First we will need to clean the data to remove any irrelevant information that may skew the results in an undesirable direction.

Source: Tableau Public


1. Cleaning

I uploaded the raw dataset into MySQL Server as a database so I could manipulate it.

I identified two data sources that would skew our results: returns and irrelevant products.

First I queried the distinct Sub-Categories to identify irrelevant products. Our tech-furniture product fits several categories like ‘Furniture, Office Supplies, and Technology’ but does not fit ‘Paper, Envelopes, etc.’

Then I used a FULL JOIN to add a list of returned orders to our table, since the table is only 2 columns, and matched them to the ‘Order ID’.

I then deleted any rows flagged ‘Yes’ for returned or irrelevant Sub-Categories. The ‘NULL’ columns confirm there are no returned orders left and skimming the Sub-Category column shows only the remaining categories.


2. Verify

Next I want to be sure the cleaning worked, so let’s check the output.
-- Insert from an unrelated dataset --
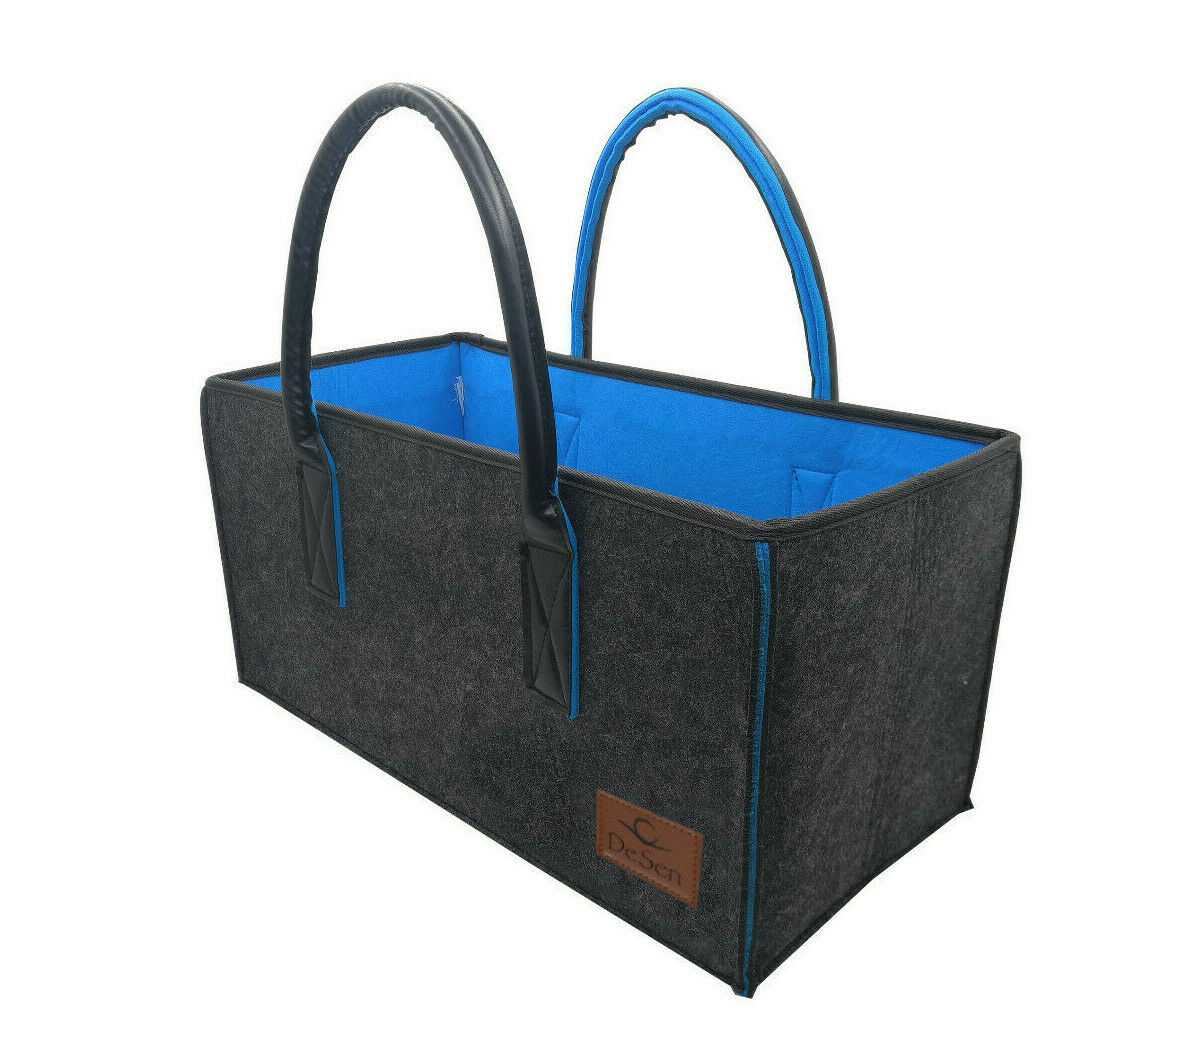 DeSen Deluxe Filztasche Hochwertige Einkaufstasche, Schicke Strandtasche, Henkeltasche, Zeitungskorb, Filzkorb, Einkaufskorb (Anthrazit/Blau-50 * 25 * 25cm)

The ‘NULL’ columns confirm there are no returned orders left and skimming the Sub-Category column shows only the remaining categories.
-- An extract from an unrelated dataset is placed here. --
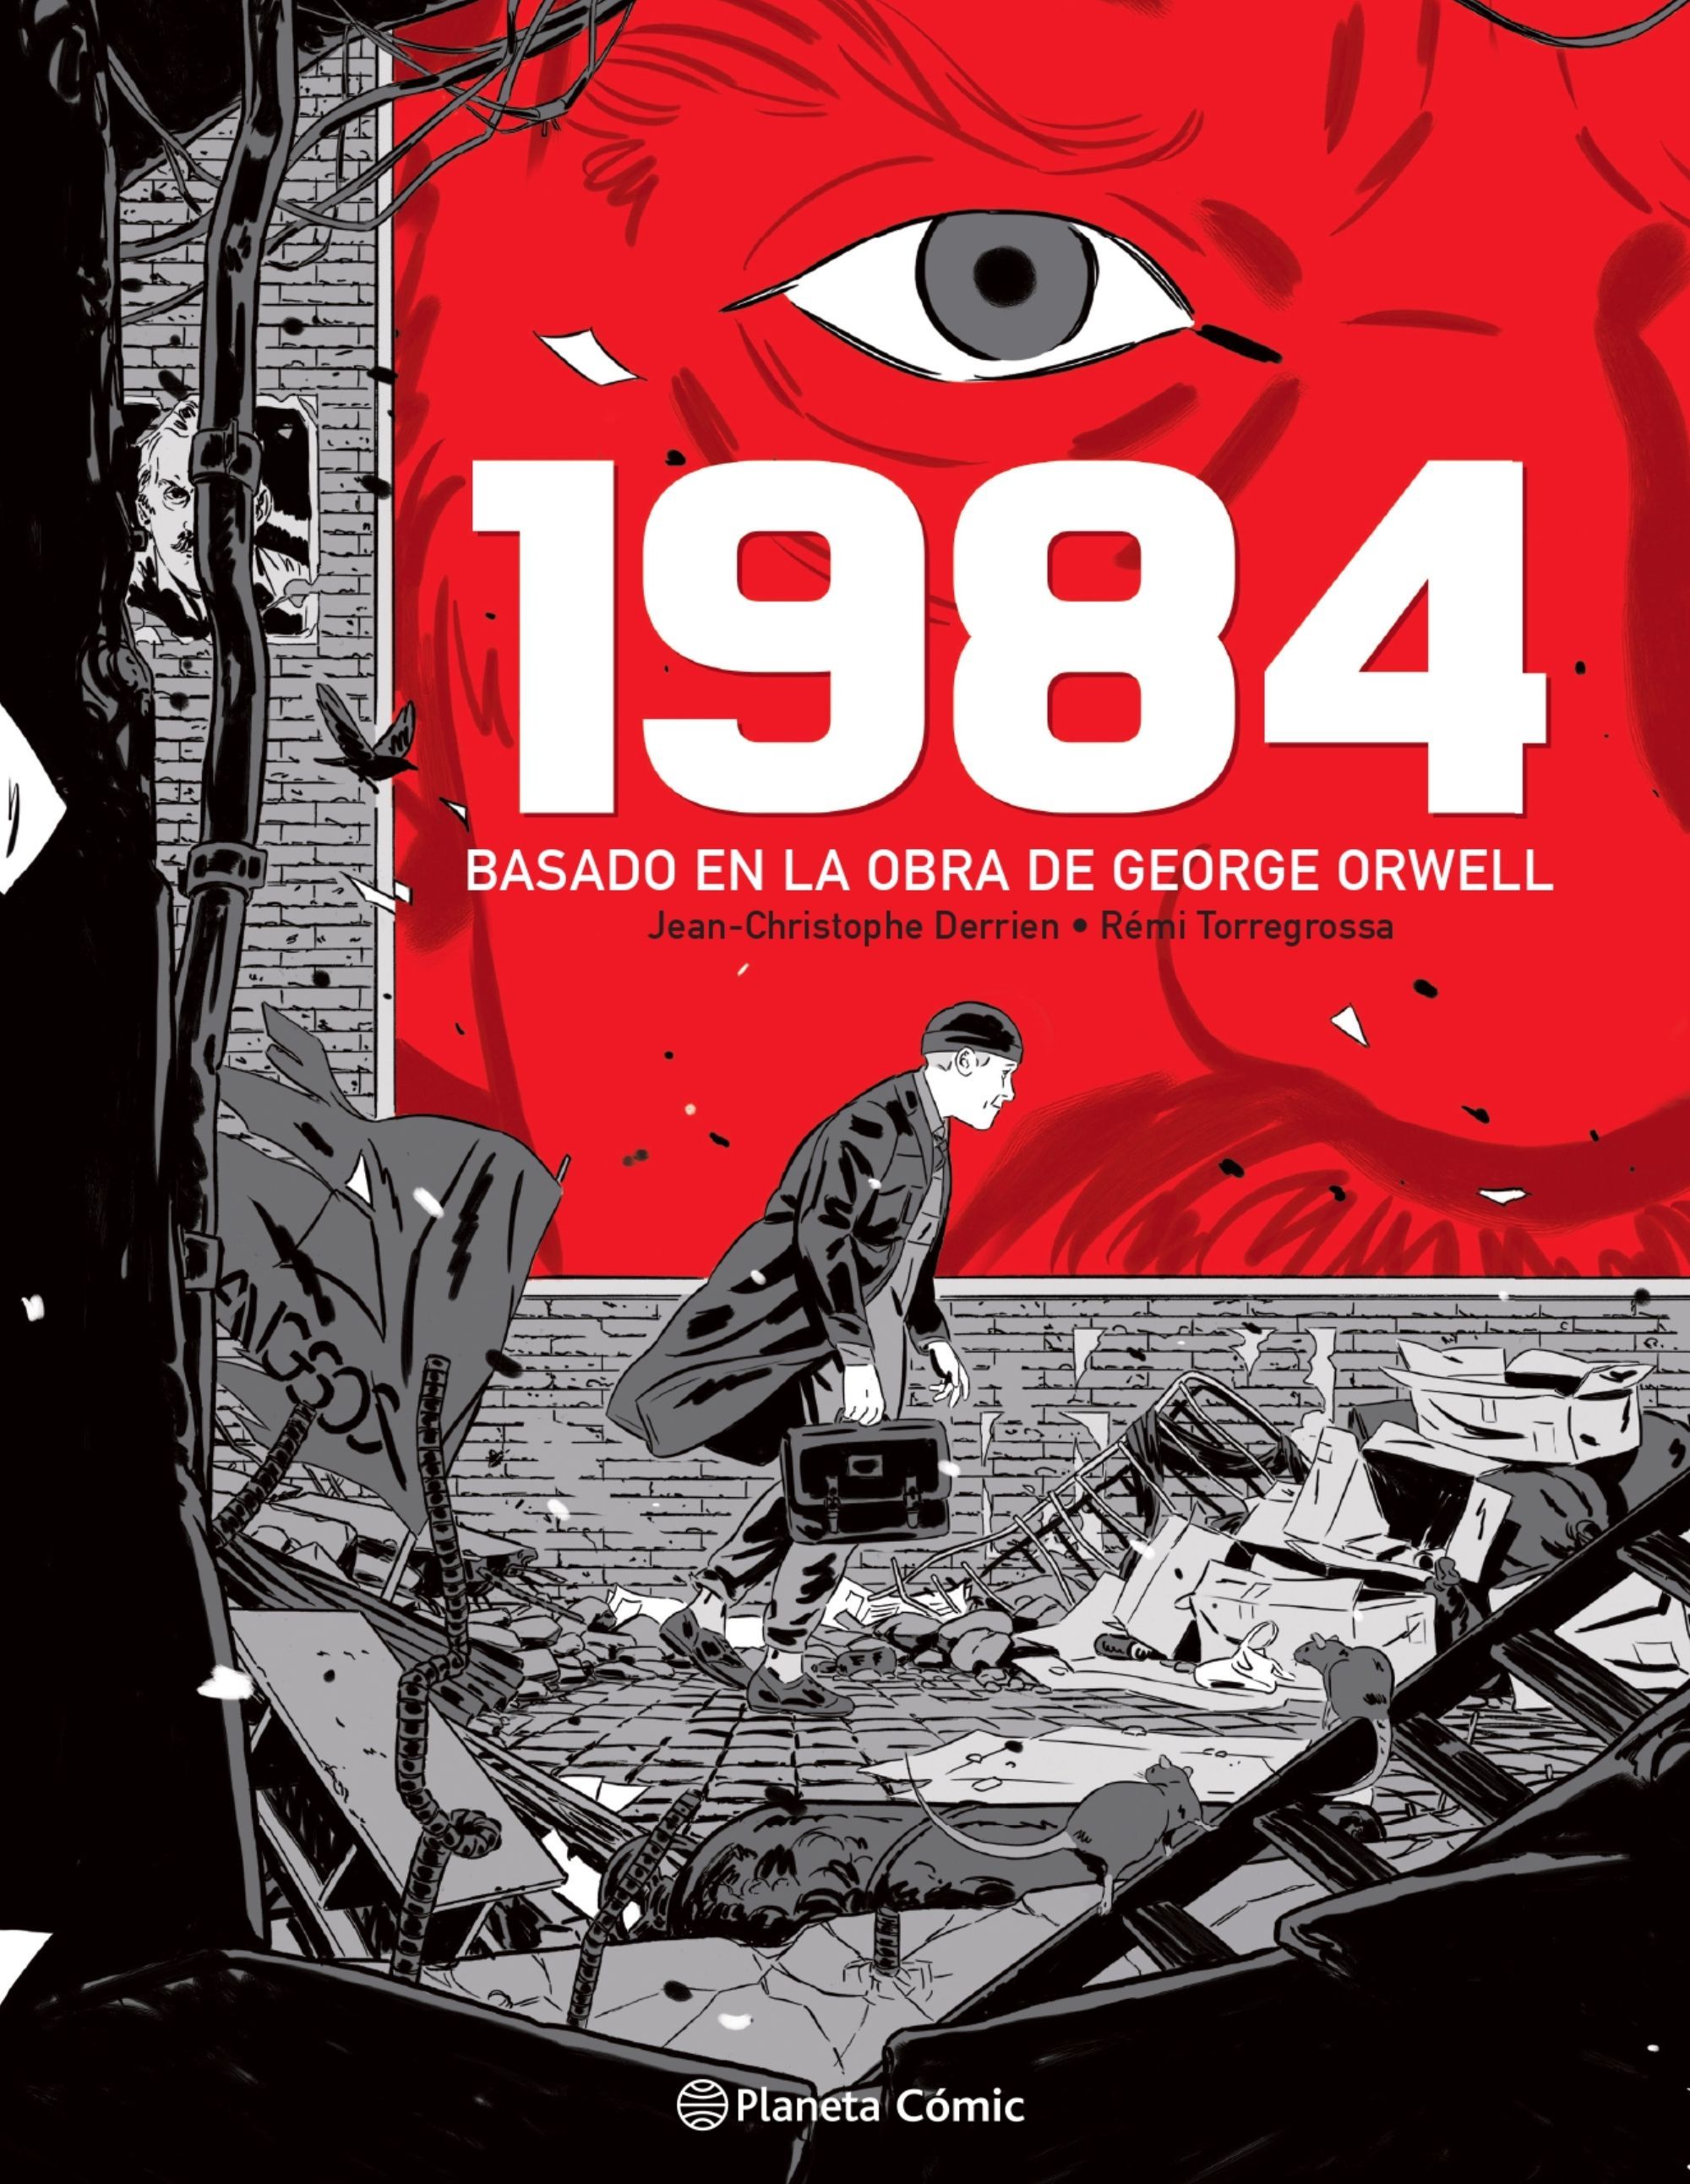 1984. BASADO EN LA OBRA DE GEORGE ORWELL

Now that I am confident the accuracy of our data, I export the query as a CSV file so our visualization software, Tableau, can read the data.

##Tableau does offer datasourcing directly from a database but I do not have a live server to utilize for this project


3. Visualize – Dashboard

Now that we have clean, reliable data, let’s visualize the relevant information and put together a story.

We are looking to identify what markets are safest to introduce our new product, so we likely want the market with the strongest sales or profit for similar products. Our data already excluded dissimilar products so we can safely ignore product information from here-on out and look exclusively to sales information:

I created a geographical map to help visualize grouping of markets by performance (sale$). I also listed the top 20 performing states and cities to help narrow down our options.


4. Next Steps

After presenting the information to leadership and the rest of our team, we can decide if we need more information or begin preparations for distribution.

If the project escalates to production & distribution, we are finished. But let’s assume leadership needs more information and identify new leads to help with the decision.

My first inclination is to identify logistics hubs for our product and company. Depending on our preferred transportation methods, I would compile a list of shipping hubs based on location and relate it our geographical data from sales.

Our product is furniture, which is fairly heavy (i.e. expensive) so we can exclude air-freight from our search. Rail-freight has competitive pricing for heavy products and should be directly compared to trucking.

If our company has warehouses, these should be compiled by geography as well, working with the logistics and shipping departments to identify the best lanes. Lastly we can again visualize the data, easily showing the best performing markets closest to our logistics centers!